Chapter 23,729 wordsPublic domain

Ces particularités sont loin d'être indifférentes pour l'intelligence de la suite de ce récit.

Cette famille respectable jouissait d'un bien honnête, comptait un grand nombre d'amis, n'avait ni procès ni querelle avec personne. Peut-être quelques marchands jaloux de la prospérité de leur maison de commerce, surtout à cause de leur différence de religion, excitaient sourdement la populace contre ces gens estimables; mais ceux-ci ne répondaient aux procédés haineux que par une constante modération.

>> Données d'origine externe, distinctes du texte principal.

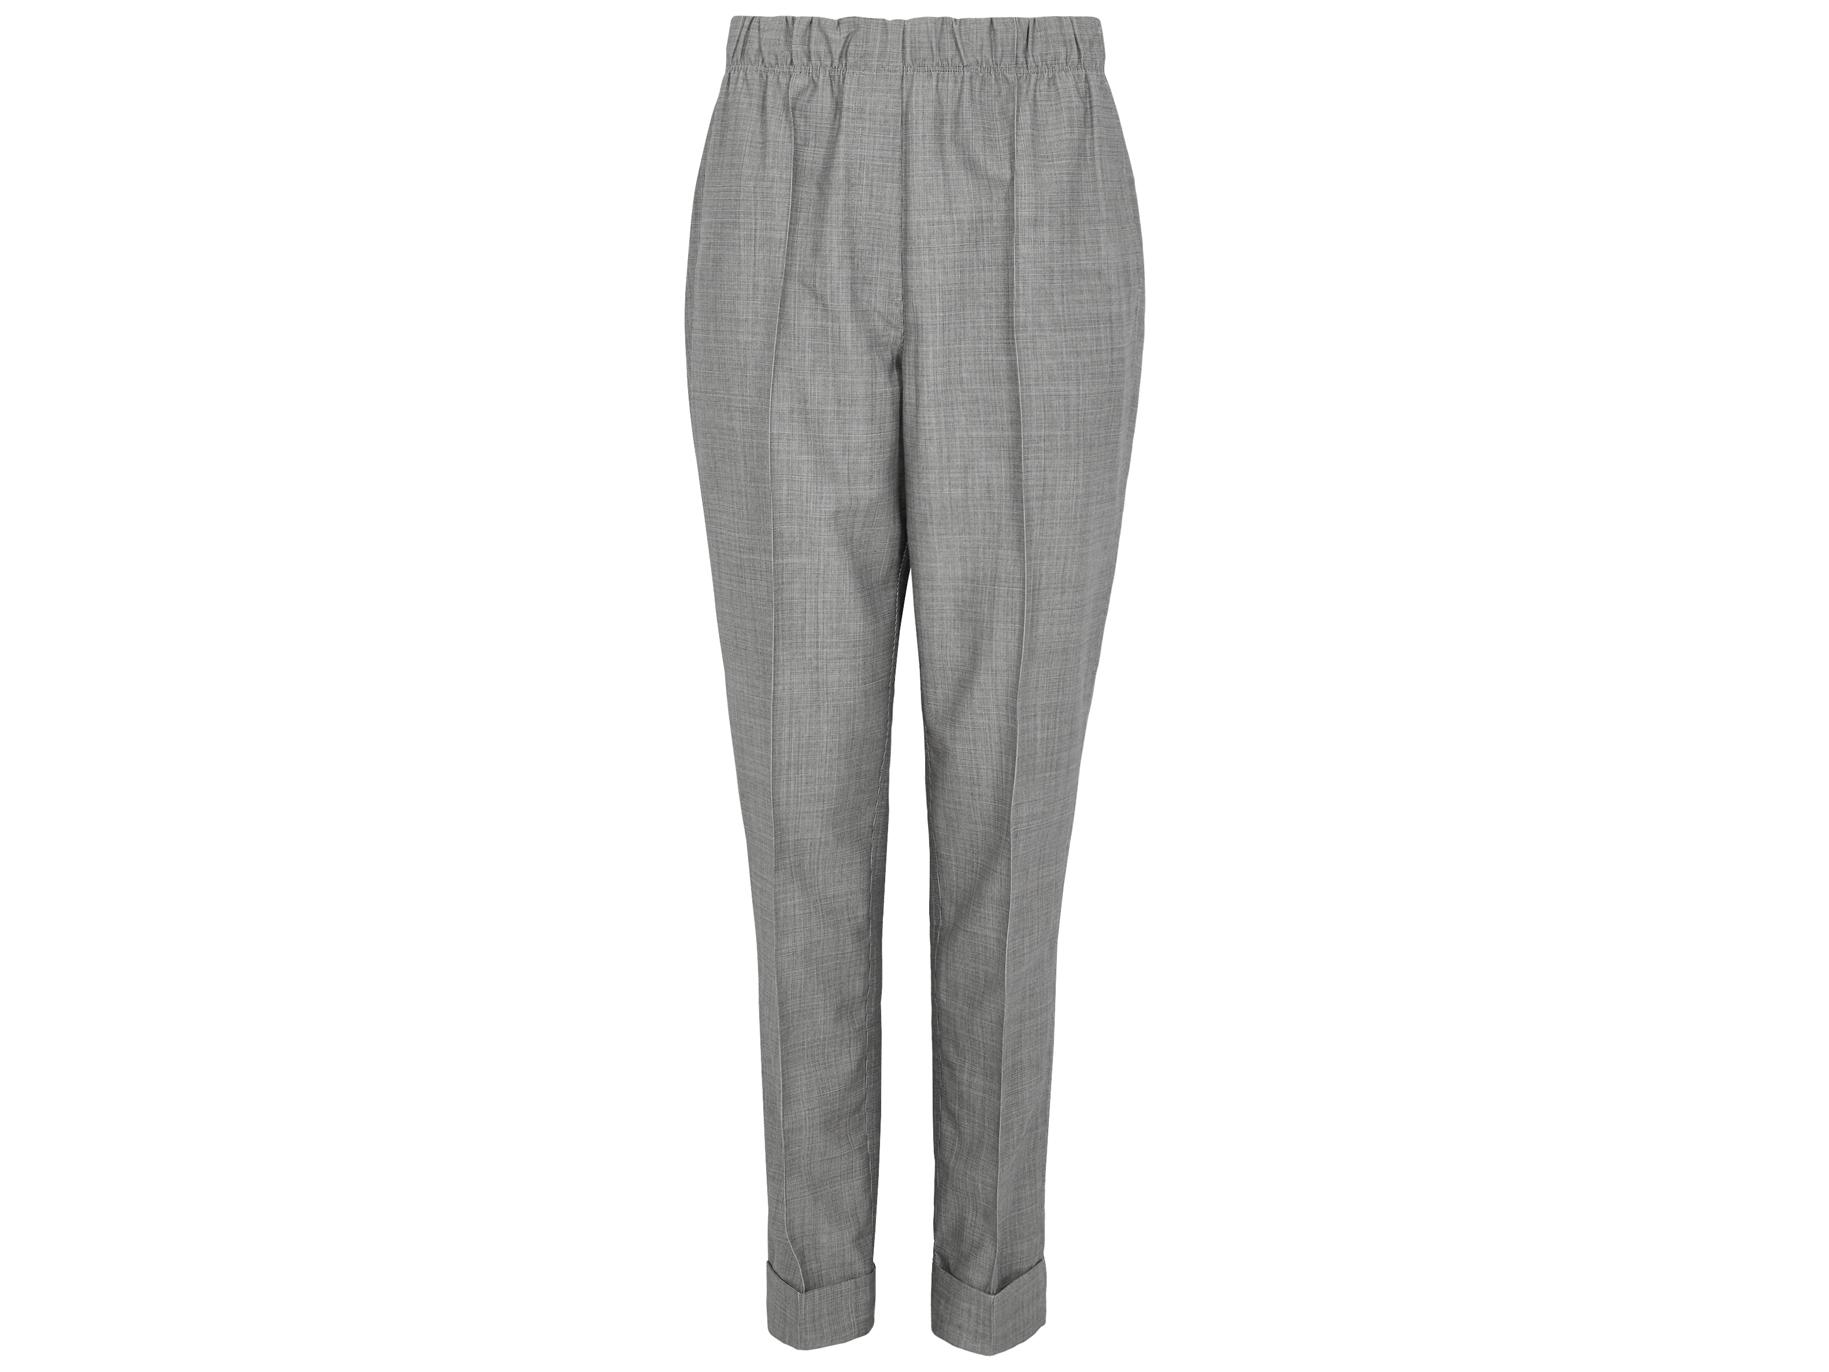 d0d1772b7f86e Helmut Lang Grey wool and mohair-blend trousers - Harvey Nichols

Enfin un jour, c'était le 13 octobre 1761, un fils de M. Lavaisse, fameux avocat de Toulouse, arrivé de Bordeaux, est rencontré par hasard par Calas père et Marc-Antoine, son fils aîné, qui invitent ce jeune homme à souper. Le jeune Lavaisse accepte. On se met à table à sept heures; on fait un repas frugal au premier étage de la maison. La cuisine touchait presque à la salle à manger; la servante catholique, dont on vient de parler, servait à table, entendant et voyant tout. Marc-Antoine, le fils aîné, se lève de table un peu avant les autres, et passe dans la cuisine. La servante lui dit: «Approchez-vous du feu.--Ah! répondit-il, _je brûle!_» Après avoir proféré ces paroles étranges d'une voix sombre, il descend au magasin avec un air profondément pensif. La famille, avec le jeune Lavaisse, continue une conversation paisible jusqu'à neuf heures trois quarts sans se quitter un seul instant. M. Lavaisse se retire: Pierre, le second fils Calas, prend un flambeau pour l'éclairer. Ils descendent.... Mais quel spectacle se présente à leurs yeux! La porte du magasin est ouverte, les deux battans rapprochés; un bâton, fait pour serrer et rapprocher les ballots, passé au haut des deux battans, une corde à nœuds coulans, et le malheureux Marc-Antoine Calas suspendu, en chemise, à cette espèce de gibet; sa chevelure était arrangée avec soin, et son habit plié sur le comptoir.

Que l'on juge de l'horreur des deux jeunes gens à cette épouvantable vue! Ils poussent des cris d'effroi en remontant l'escalier; ils appellent le père: la mère toute tremblante veut descendre aussi; on l'arrête, on la supplie de rester. L'un vole chez le chirurgien, l'autre chez les magistrats. Le père embrasse son fils mort; la corde cède au premier effort, parce qu'un des bouts du bâton glissait aisément sur les battans de la porte, et que le corps soulevé par le père n'assujétissait plus ce billot. La mère veut faire avaler à son fils des liqueurs spiritueuses; la servante prodiguait aussi tous ses soins; mais tout était inutile, le jeune Calas était mort.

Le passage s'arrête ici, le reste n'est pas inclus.